Norway in 2017 held the annually rotating presidency of the Nordic Council of Ministers, an intergovernmental cooperation forum consisting also of Denmark, Finland, Iceland, Sweden, Aaland, Faroe Islands, and Greenland.

Denmark, Finland, and Sweden are also EU members, while Norway and Iceland take part in many of the EU's single market legislation through the European Free Trade Association (Efta).

Estonia, which makes up the Baltics with Latvia and Lithuania, meanwhile held the six-month Council of the EU presidency, which it used to portray itself as a pioneering digital nation and share what it saw as best practice approaches towards digitisation.

Last April, the Nordic and Baltic countries came together in Oslo and signed a declaration saying that they wanted "to show the way for digitalisation of Europe".

But Chaffey explained that this did not mean that the EU's overarching digital strategy is dismissed.

"The EU is doing a fine job," he said about the legislative push towards more harmonised rules on digital affairs.

"What we want do is add value on top, and do things in practice, that have to do with border controls, that have to do with free movement of data, and if the EU catches up, that's a fine thing, because we might have been able to show the way in some areas," said the Norwegian politician.

While the EU sets the goals, the implementation of policy is in the hands of the national governments of member states.

The idea behind the Nordic-Baltic cooperation is to do the implementation in unison.

"The EU is on a multinational level and doesn't invest in the IT platforms in individual countries.
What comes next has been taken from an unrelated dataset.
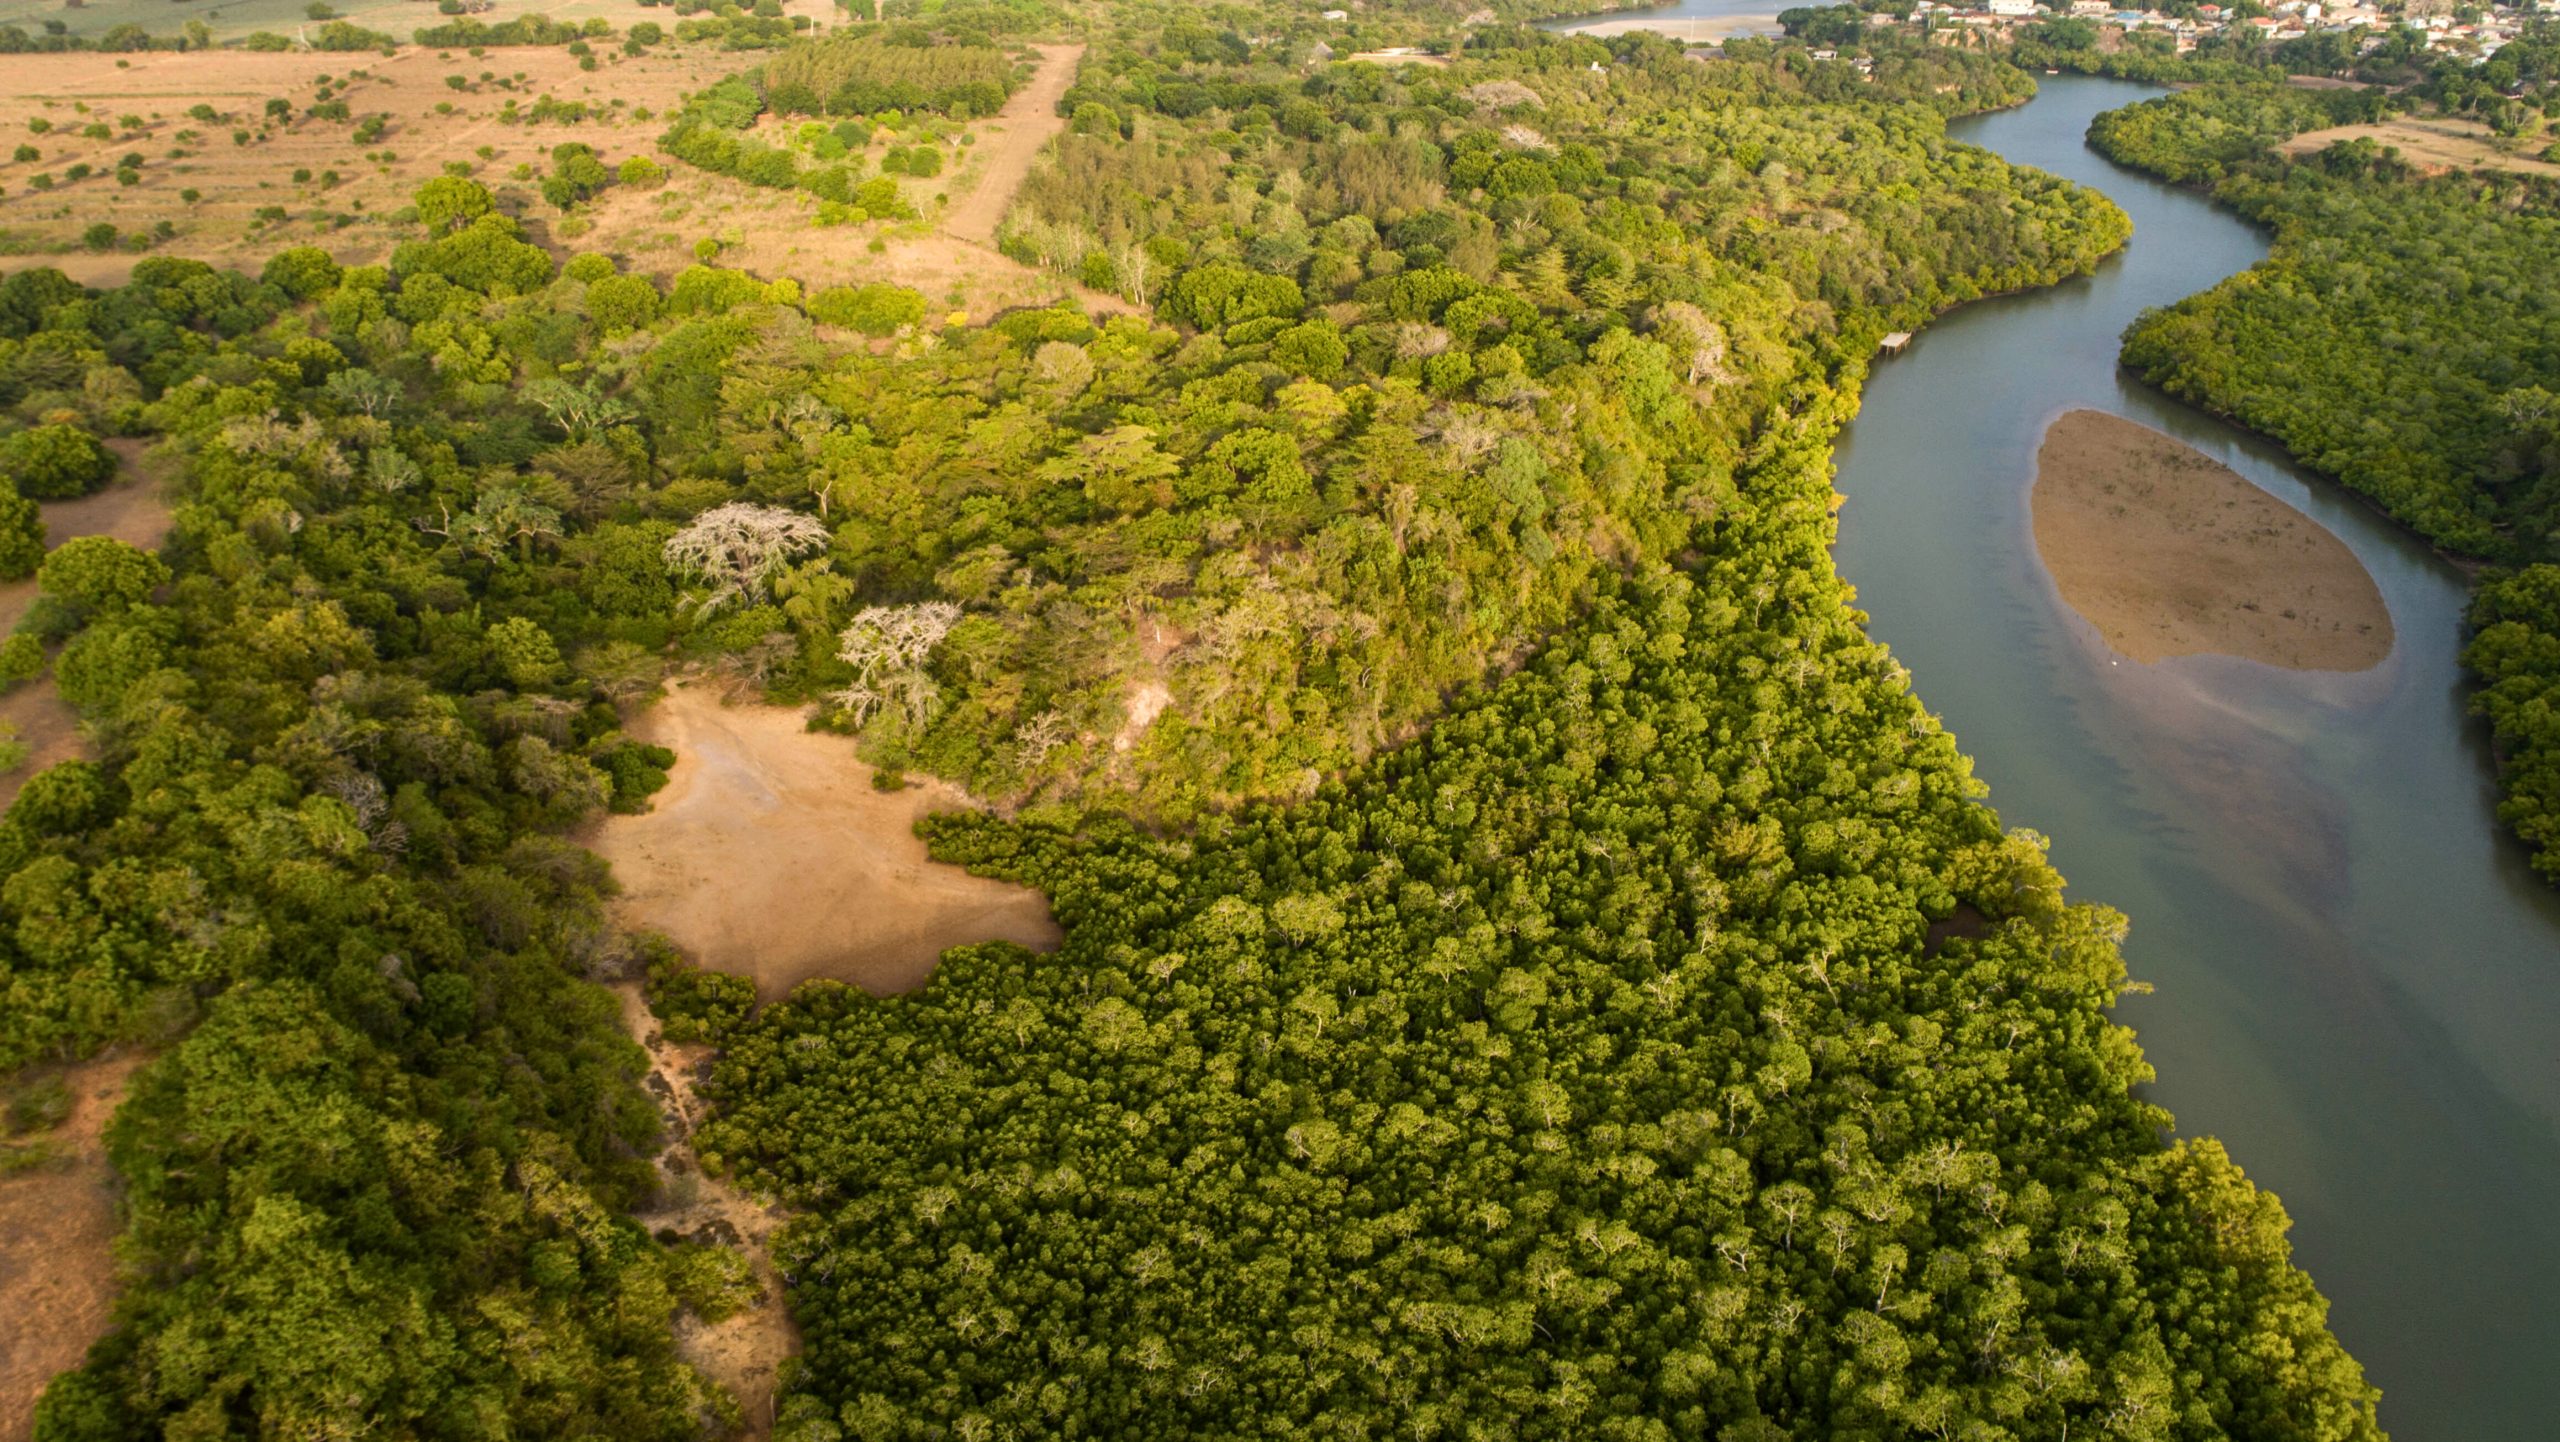 Embrace Sustainable Living with Plots and Homes for Sale in Kilifi’s Green Heart of Kenya

A lot of these areas are a national responsibility. Education, health care are examples of that," he noted.

He gave as an example that students from one Nordic country in another could benefit if government databases are linked so that they can access health or municipal services.

Geo-blocking

The regional cooperation could also take steps on some files where the EU has been unable to progress, such as geo-blocking of audiovisual media.
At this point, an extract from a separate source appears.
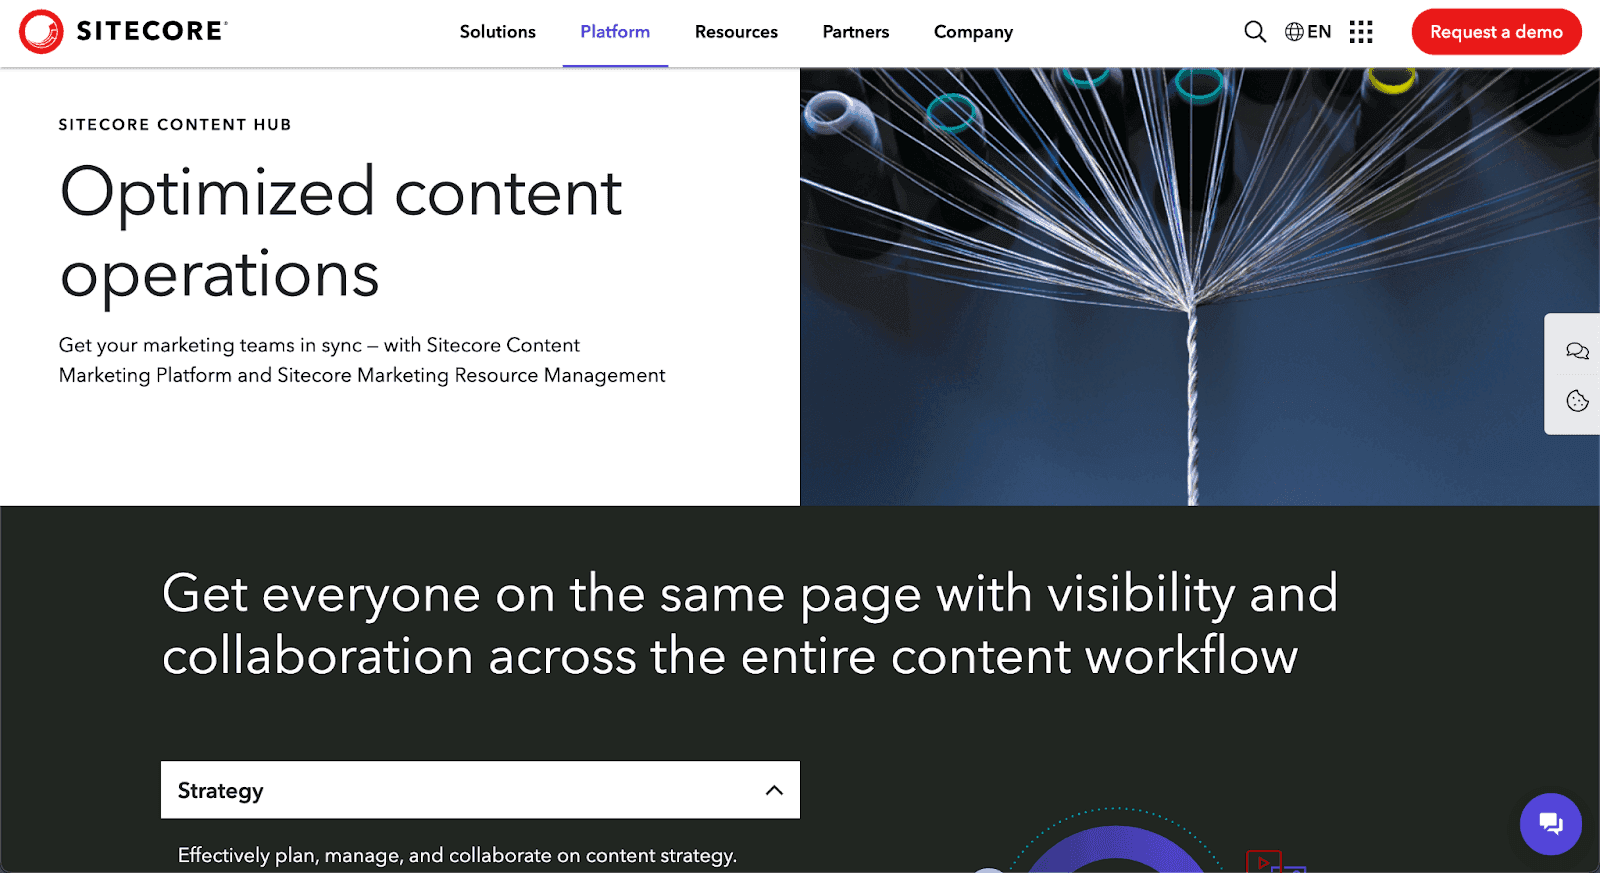 Sitcore Content hub can be used for all your content needs.

In many cases, it is not possible to stream sports events or watch certain online films or series from another EU country.

"We have the same debate that's going on in the rest of Europe there," said Chaffey.
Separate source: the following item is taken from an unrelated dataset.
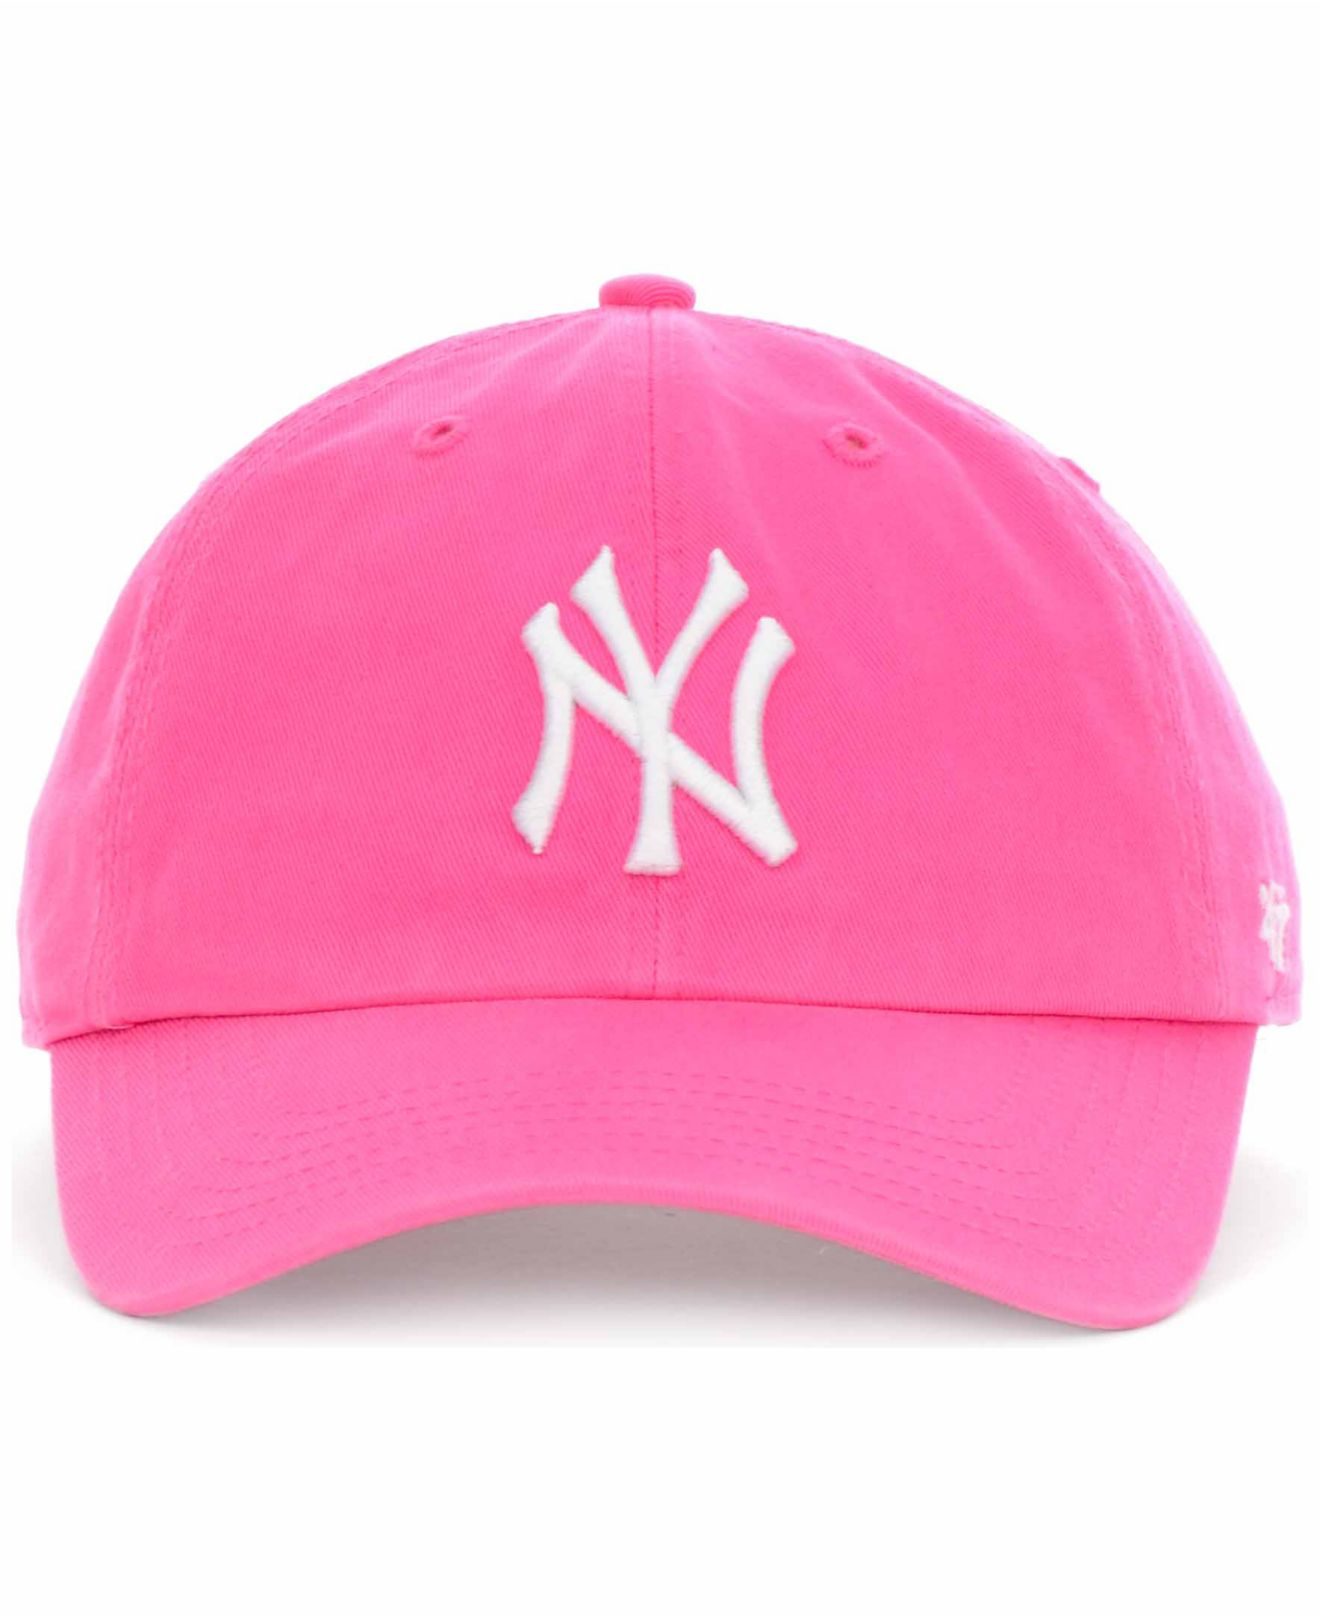 Lyst - 47 Brand New York Yankees Clean Up Hat in Pink

In particular citizens in a country like Finland, with a Swedish linguistic minority, could benefit from the lifting of geo-blocking of Swedish content, for example.

"There are these cases of minorities, who might be very interested in what's going on in another country, or you have communities of immigrants that you have to cater for in some way, and the rules and regulations don't do that," said the Norwegian.

"There are loads of sand that can be put in the machinery because there are commercial interests – legitimate interests: people have to make a living from what they create."

He noted that making rules in the digital world is "fairly complicated" and that Norway as a small country depended on the EU for a long-term solution.

Chaffey added the Nordic-Baltic cooperation would not lead to an increasingly multi-speed Europe.

"This doesn't have to do with legal status or legislation. It has to do with something that's normal, usual in other areas as well, that some countries are moving a bit further ahead when it comes to the practical, the technological solutions."